Fallon muttered something about “nasty little brutes” and retreated to the end of the table. From the street outside the stir and noise of the extras drifted dimly into the long room. Hraldy sighed and rubbed a hand over his face.

Norah could only sympathize. Whatever concern the Hungarian might feel for his star in the aftermath of a murderous attack, he still had a film to make, and it was obvious to Norah—who in her short association with Colossus Studios had learned a great deal about the angles of light—that no further filming was going to be done that day. That meant decisions about whether the extras would remain or catch the last train out of San Bernardino, with all the concomitant wheels within wheels: dinner for nearly nine hundred men tonight, breakfast and lunch tomorrow, rental on costumes, scanty supplies of trucked-in water...

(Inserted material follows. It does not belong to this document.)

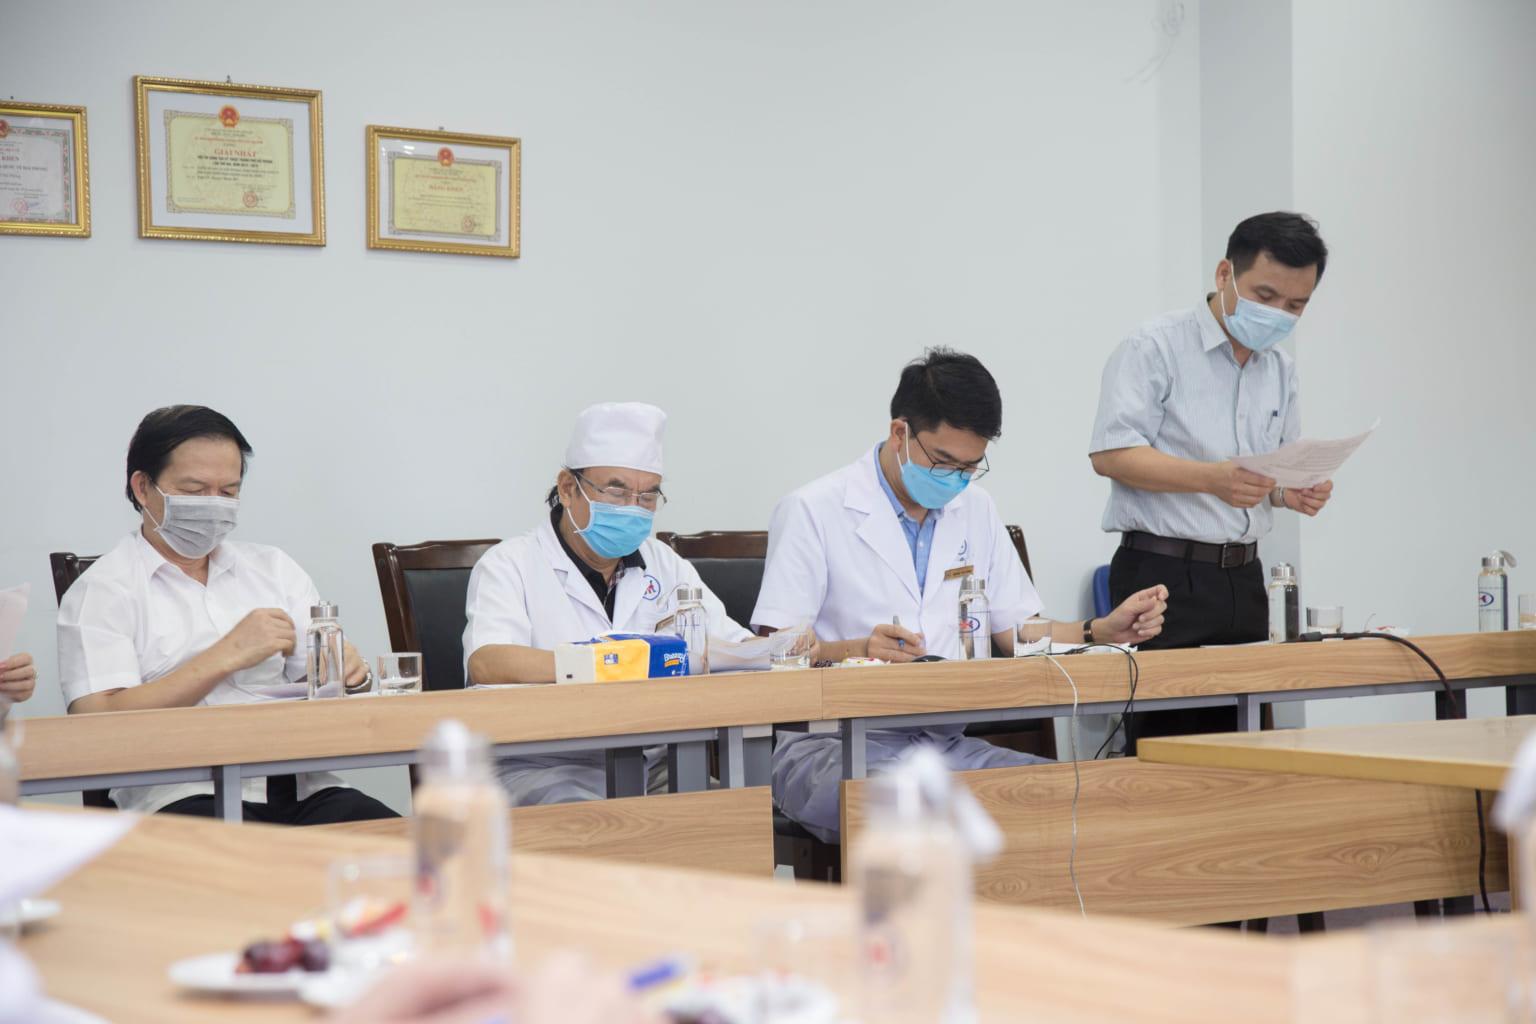 Bệnh viện đa khoa Quốc tế Hải Phòng đạt tiêu chuẩn bệnh viện an toàn trong phòng chống Covid 19 và các dịch bệnh viêm đường hô hấp cấp

She found to her own horror that she was rewriting scenes in her head, scenes that would imply, rather than show, the presence of large bodies of troops. Christine had nearly been killed, and she, at least, was by no means certain that they had secured the murderer.

“And anyway, so he’s loopy,” Christine said after a moment, stubbing out her cigarette and taking a long pull at the coffee, though her hands had begun to tremble again. “So what? My first husband’s brother believed their parents’ house was built on an old Indian grave site and ancient medicine men came into his room at night and had powwows under the bed... That is,” she amended hastily, seeing the surprise on the faces of Hraldy, Fallon, Doc, and Worthington-Pontchart, “my
mother’s
first husband... So Del was sort of my...” She hastily calculated on her fingers. “... step-granduncle or something.”

Norah refrained from mentioning that according to the official studio biography, Chrysanda Flamande’s mother had been a member of the Grand Turk’s seraglio. Surely, in the face of Christine’s residual Pittsburgh drawl, nobody believed that anyway.

“Well, it doesn’t matter. He never did anybody any harm, except living miles and miles outside New York in a house completely surrounded by some kind of bush that was supposed to keep ghosts away. But he was a really sweet man.”